A tiny correction to your first bold statement: I think you should count the implicit leading 1 bit in the precision. Your binary representation of the number uses 54 1’s, so it makes more sense to say it needs 54 bits of precision. Your fixed point representation of the original number also uses 54 bits after the decimal point, not 52, but it does use 53 1’s. Again, saying it has 53 bits of precision makes more sense..

Also, it might be useful to explain that the decision to round up is not arbitrary but the result of long discussions in a committee. The poor chip has no say in it. The rounding is done so that the last bit of the rounded number is 0. So positive …11 is rounded up, while positive …01 is rounded down. This is also called “round to even.”

Actually to be even more picky IEEE-754 defines 4 rounding modes. The one you mention is the default, though, and AFAIK is the only one used for .Net System.Double and System.Float.

https://en.wikipedia.org/wiki/IEEE_floating_point#Rounding_rules

See here for how to change modes with the Microsoft C runtime library. http://msdn.microsoft.com/en-gb/library/c9676k6h.aspx

Since this subthread is all about being picky…

It is not System.Float but System.Single

Sorry couldn’t stop myself from posting:)

“To save one from a mistake is a gift of paradise”, after all. Well spotted. 🙂

So now you have me wondering: how should you make sure to round halves up, correctly, even for the unreasonable numbers, if I can call them that? There is no Math.Round(val, MidpointRounding.Up). Math.Floor(value + nextafter(0.5, 0)) is a valid trick for positive numbers, but gives the wrong result for -0.5. Conditionally adding either 0.5 or nextafter(0.5, 0), depending on the sign of value, works, but still, it does not necessarily preserve the sign of negative numbers (they may round to +0.0 instead of -0.0). Taking a different approach, Math.Round(value < 0 ? nextafter(value, 0) : value, MidpointRounding.AwayFromZero) comes to mind, but that would give the wrong result when nextafter(value, 0) differs from value by more than one. The only thing I can come up with that I haven’t yet been able to rule out is special casing based on value – Math.Truncate(value): if it’s exactly 0.5, return value + 0.5. If it’s exactly -0.5, return -(-value – 0.5). Otherwise, just return Math.Round(value);. But I’m not sure I am not overlooking anything, and I’m convinced there must be better ways.

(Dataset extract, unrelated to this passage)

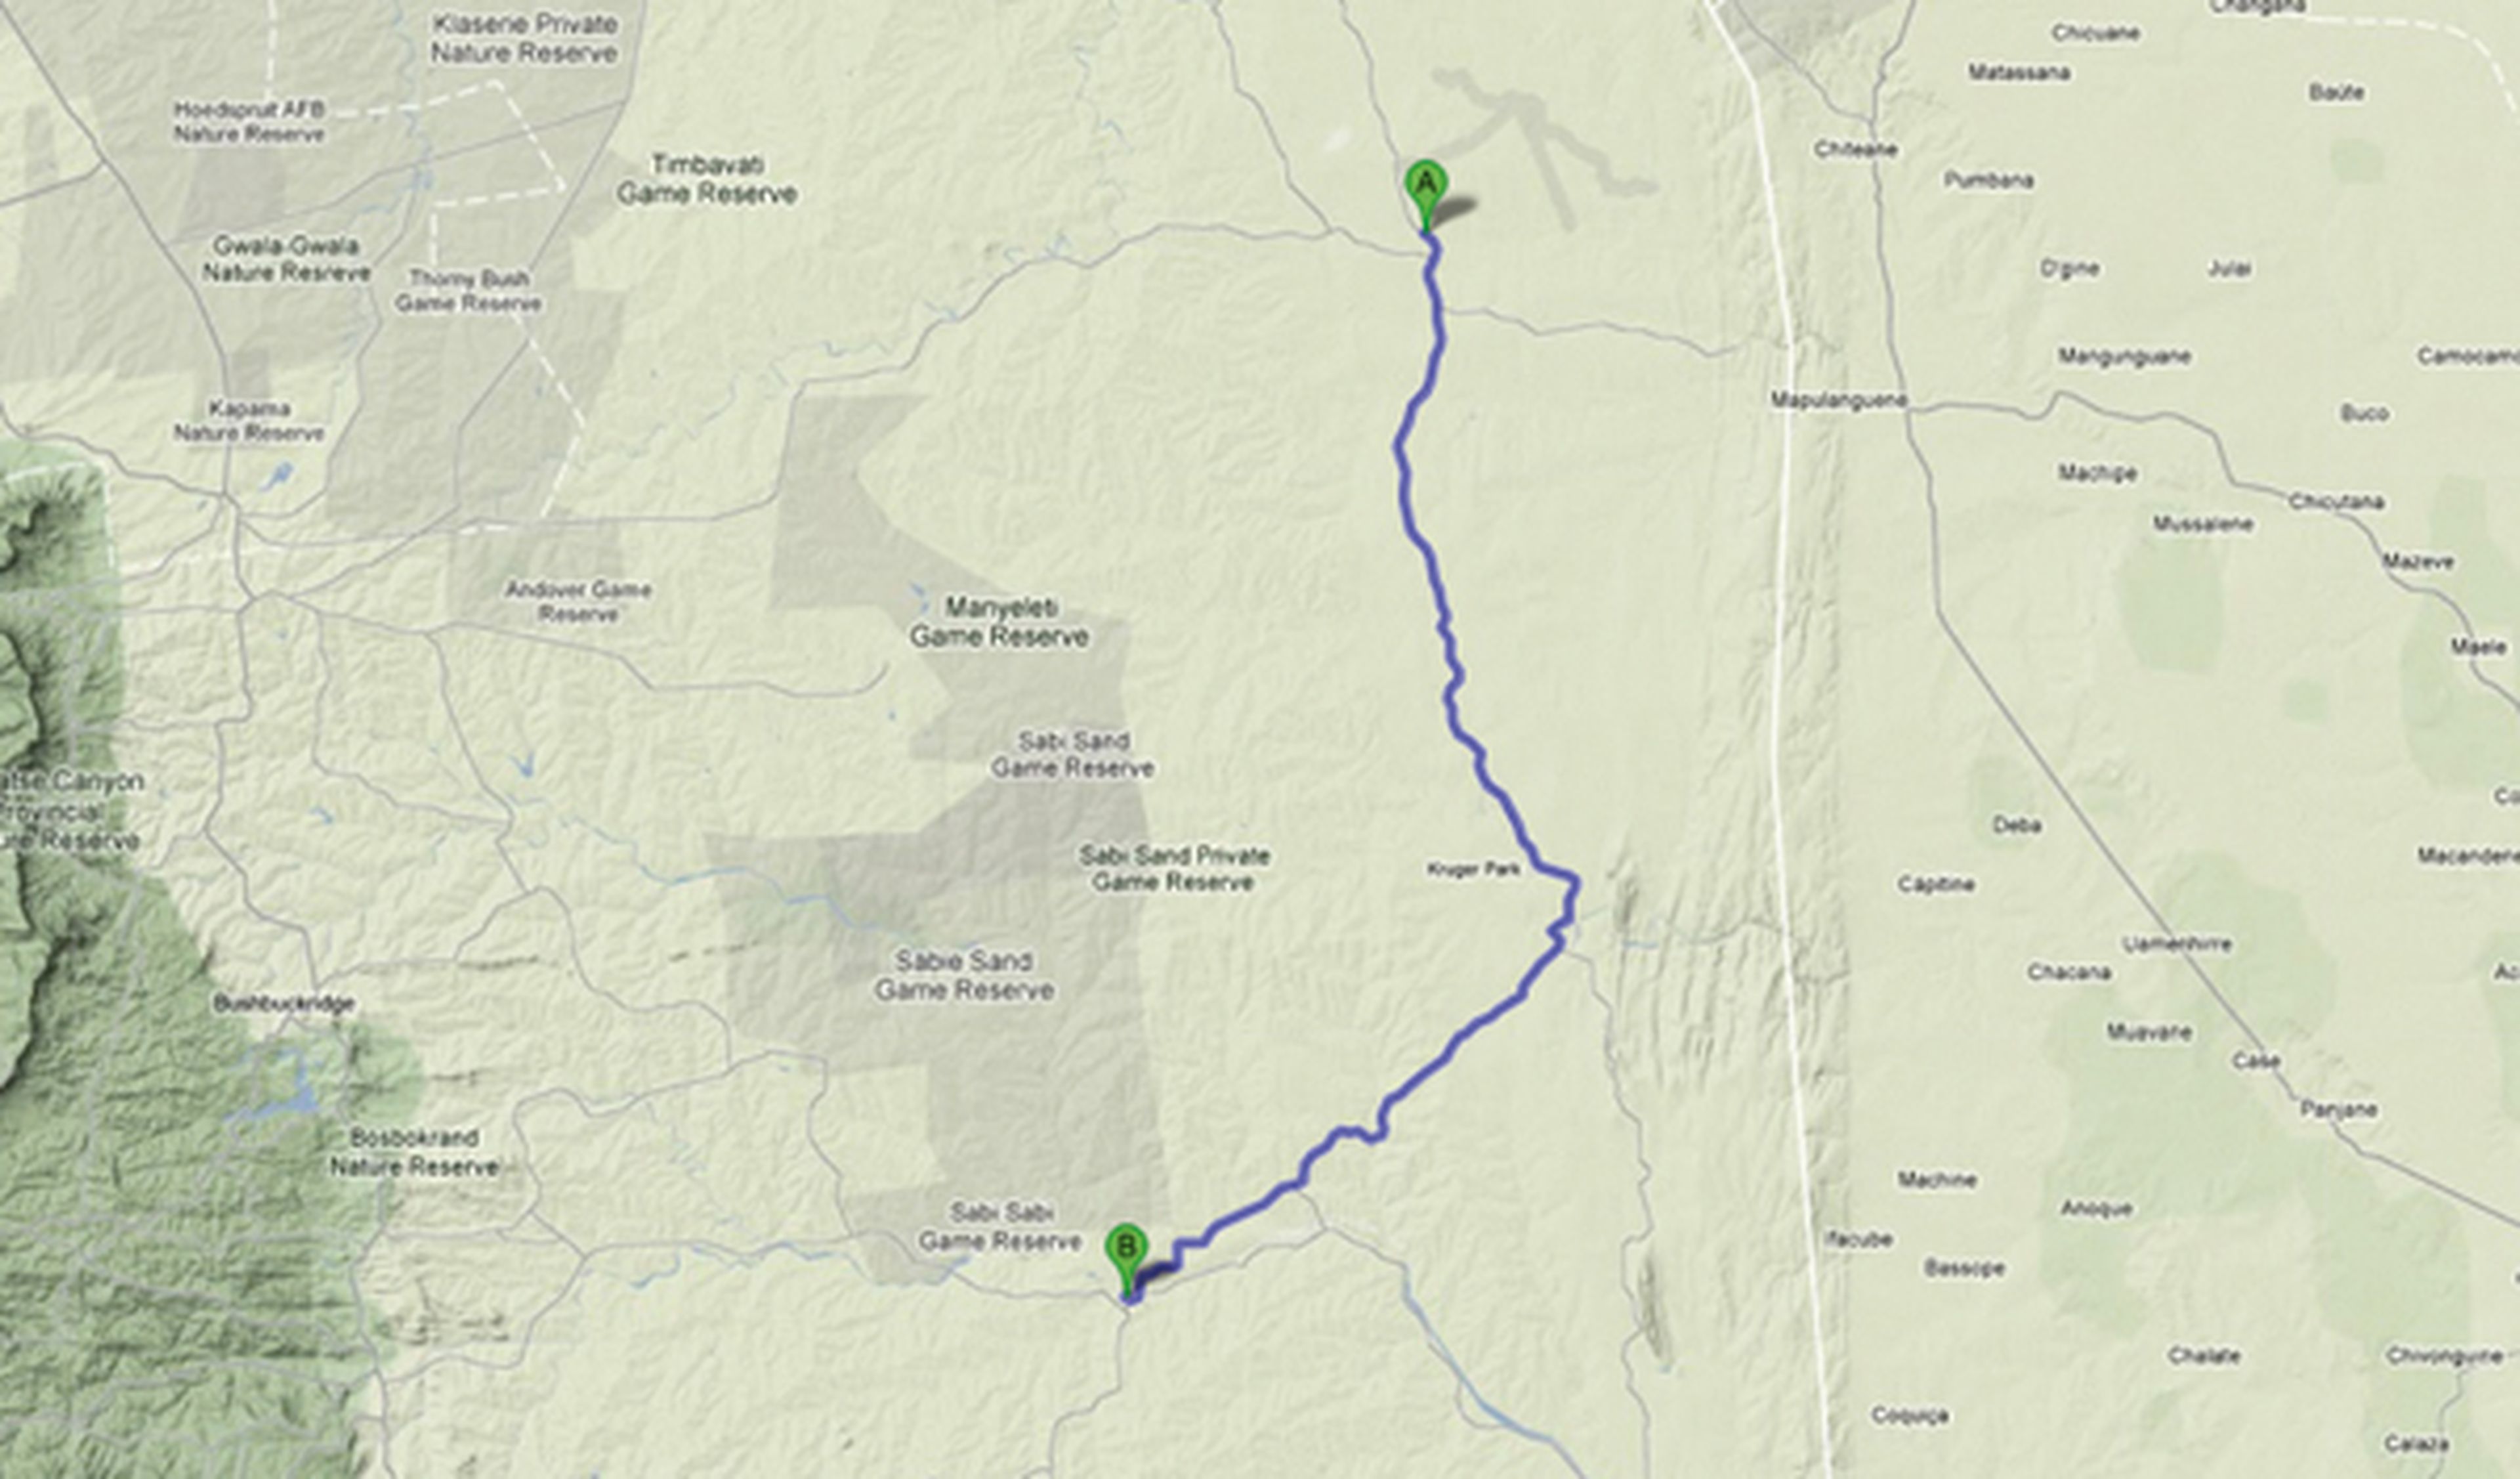 Viaje al Parque Nacional Kruger: regreso al edén

It turns out that, for exactly the same reasons adding 0.5 *doesn’t* work, adding the number he references that is the largest value smaller than 0.5 *does* work. Think about all of the boundary conditions and you’ll see that this is the case (0.5 works, see above, 0.4999…etc works because it rounds correctly.

Interesting hack.

That does not work, as I already noted in my comment: “Math.Floor(value + nextafter(0.5, 0)) is a valid trick for positive numbers, but gives the wrong result for -0.5.” Note that nextafter(0.5, 0) is just another way of writing 0.49999999999999994, except without relying on any specific precision.

Continuing with this, it appears to be simpler to just do it yourself, and not even use the default Math.Round at all:

FWIW the first ‘strange’ bug I remember encountering was a report that on an accounting system created for Apple II computers, dollar values of $8.12 were recorded as $8.11

The system programmers were stumped as to the cause and the program gave correct values for every other dollar & cents value but this one.

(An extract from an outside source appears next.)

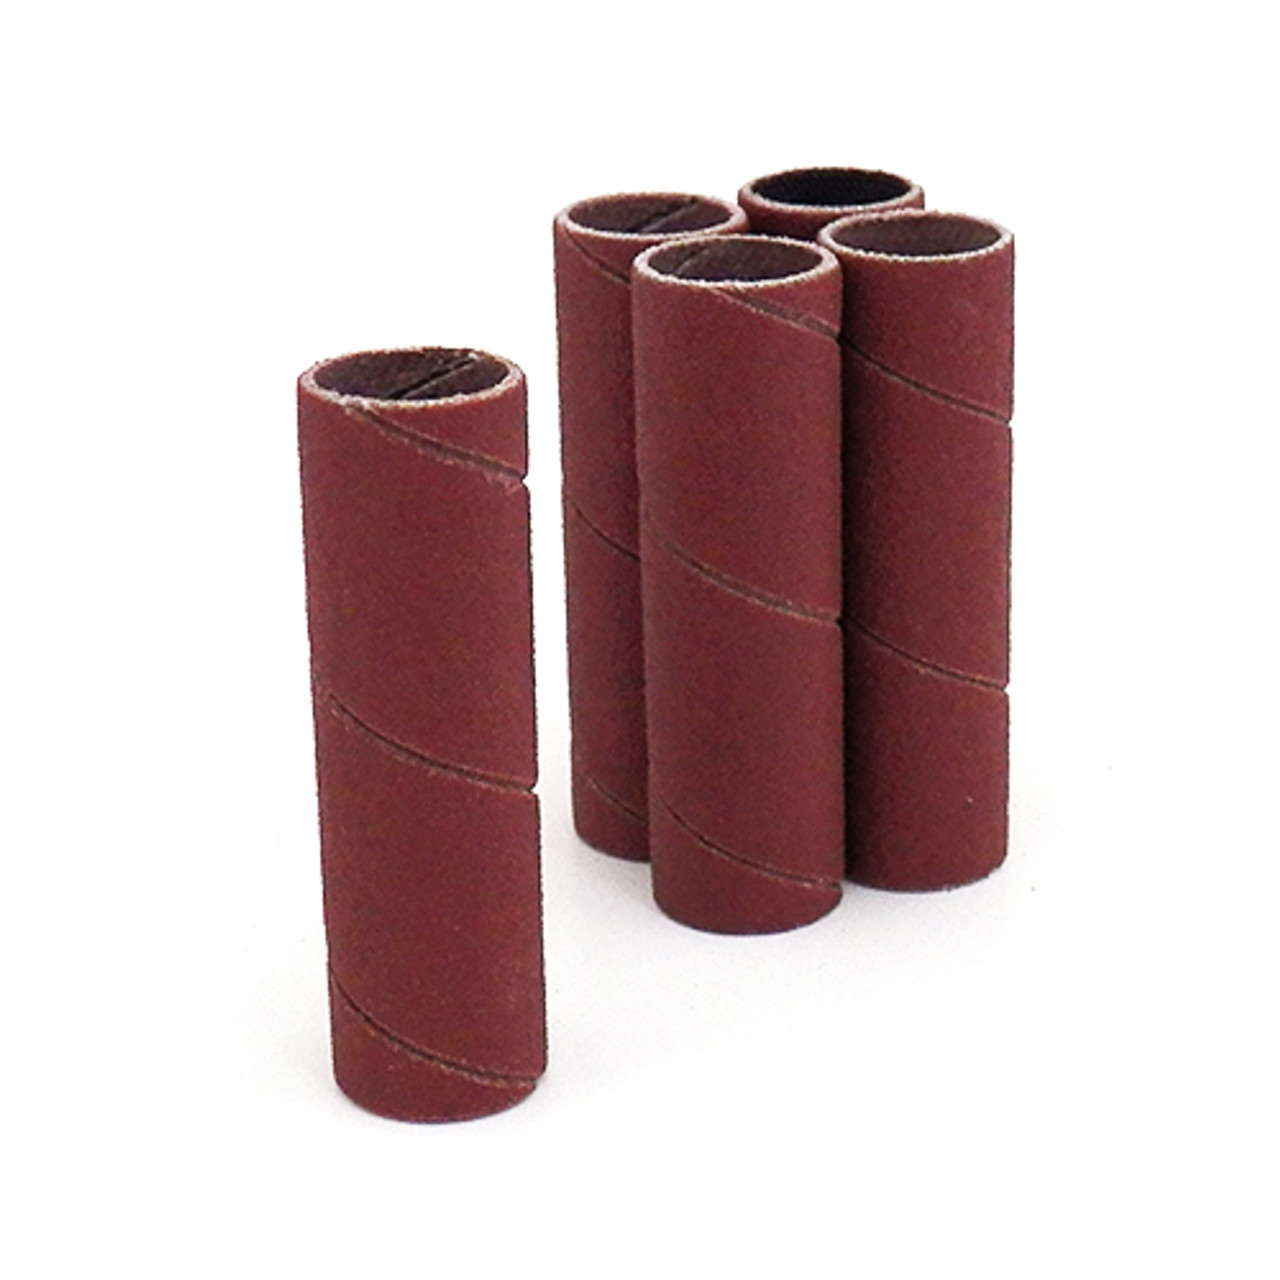 Klingspor Abrasives Aluminum Oxide Sanding Sleeves, 1/2"x 2" 60 Grit, 5pk

The problem turned out to be they used a routine to store the dollar/cents amounts like this:

int (100*$amount)

In Applesoft, 100*8.12=811.9999998 or thereabouts.

But to make matters worse, Applesoft rounded the answer for display purposes, so you get contradictory-seeming results like these:

print (8.12*100)

812

print int(8.12*100)

811

print (812-(8.12*100))

2.68220901E-07

To make matters worse, reversing the order of the multiplicands changes the answer:

print (812-(100*8.12))

0

Moral of the story: Expect the results of floating point operations to deviate from the expected in the last significant digit (or more, especially if you’re chaining operations) and to not necessarily display the discrepancy.

FYI back in the day I tested this up to many millions or billions of dollars (I can’t remember exactly but I let a loop run for pretty much all day on it) and 8.12 was the only two-digit decimal to have this problem in Applesoft.

You can still see the bug at work today on Apple II emulators like http://www.virtualapple.org/a2-fs1disk.html

> In Applesoft, 100*8.12=811.9999998 or thereabouts.

Oops, actually 100*8.12=812 whereas 8.12*100=811.9999998 (approx.). The order of the multiplicands is important.

I think, when dealing with issues like this, we need to make a careful distinction between accuracy and precision.

Using the IEEE 754 double-precision binary floating-point format, 2^53 = 1+2^53, and this also holds for 2^54, 2^55, …

So if you need that 1+2^53 result, you should not be using numbers in that IEEE-754 format. The underlying reasons for this also hold for fixed width integers. Some results will not fit. About half the results from + and almost all the results from * have this characteristic.

As a rough rule of thumb, if the accuracy you need uses the square root of the number of bits of precision you can mostly ignore fixed width format issues. That’s not completely true (floating point subtraction of positive decimal values can be a good counter example), but it’s a plausible starting point.

Note also that we teach kids how to deal with fixed width numeric issues in grade school. We teach them how to carry when adding, borrow when subtracting, and so on. The digits we use in our decimal numbers are “fixed width” and it’s simply not the case that the sum of any two single digit numbers will fit in a single digit result.

Computer hardware often includes support for “carry”, and programming languages routinely do not expose this to the programmer. But we can work around this by splitting our numeric formats in half and use the upper half to represent “carry” (and using a sequence of “numbers” to represent our numeric values).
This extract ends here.